Health is defined by the World health Organisation (WHO) as “a state of complete physical, mental and social well-being and not merely the absence of disease and infirmity”. This definition was made in 1948 when the WHO was founded and has not been amended since.

Yesterday, 7th April, was the WHO’s annual World Health Day. This year the focus was on older people and based on the slogan:

‘Good health adds life to years’

You can visit the website using this link to read more, see the inspiring photo gallery and find lots of useful links and articles. The basis of the campaign to improve older people’s health is that ‘healthy behaviours throughout life can help older men and women lead full and productive lives and be a resource for their families and communities’.

Reading this statement re-inforced for me the potential of the Lifestyle Redesign® occupational therapy approach that was the focus of my recent travel award. The approach uses an occupational, or ‘doing’ approach to help people to incorporate health-promoting behaviours in their lives. This can begin as later years approach, a preventative method (see E describing the Well Elderly studies), or could be developed once older age has arrived- I am looking at developing the approach in my own practice for older people at the ‘hopsital/home interface’.

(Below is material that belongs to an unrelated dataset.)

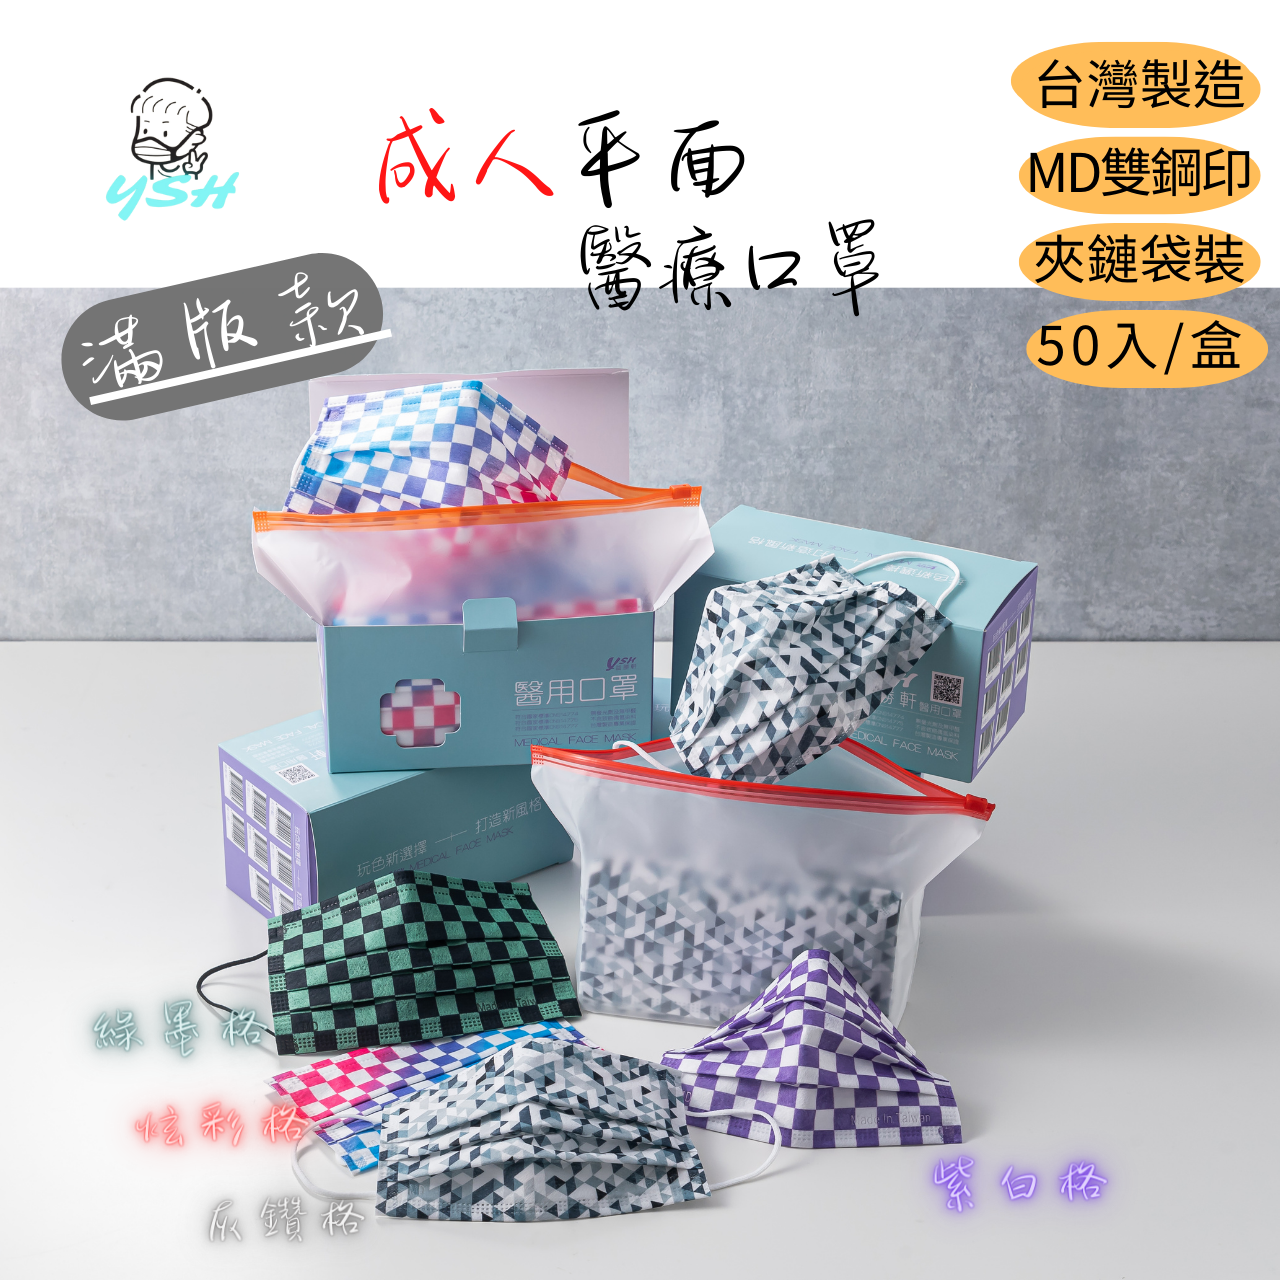 【快速出貨】YSH益勝軒 親子款醫療口罩-台灣製造50入/盒/夾鏈袋裝 滿板 MD雙鋼印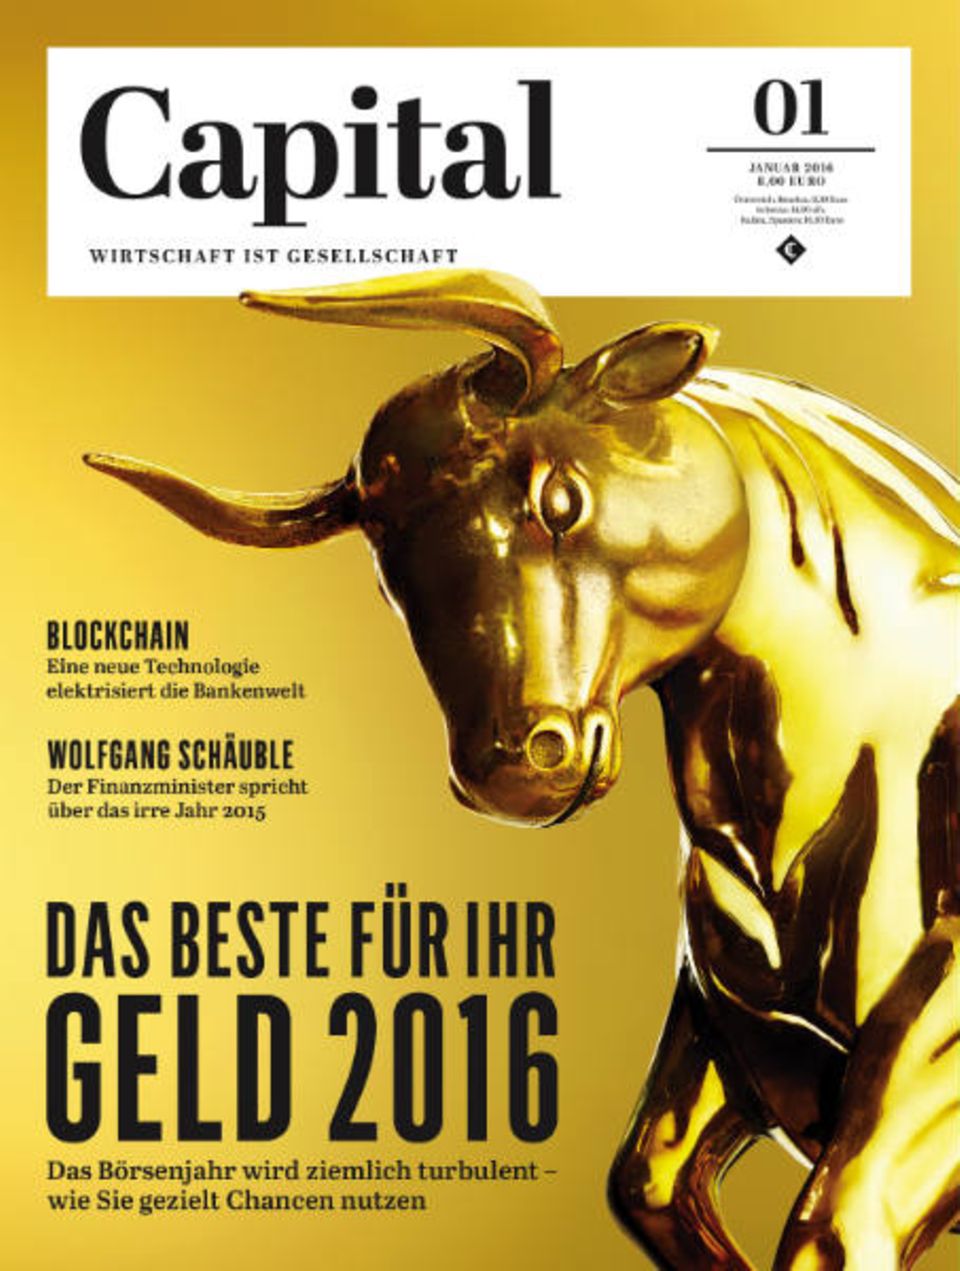 Die neue Capital: Geld-Spezial auf 28 Seiten

The WHO’s press release for the World Health Day outlines the following 4 actions for governments and societies:

1. Promote good health and healthy behaviours at all ages to prevent or delay the development of chronic diseases.
 2.  Minimize the consequences of chronic disease through early detection and quality care (primary, long-term and palliative care).
 3.  Create physical and social environments that foster the health and participation of older people.
4.    "Reinvent ageing" - changing social attitudes to build a society in which older people are respected and valued.

All of these are reflected in current government policy. Occupational Therapy and OTs can contribute a great deal to this agenda.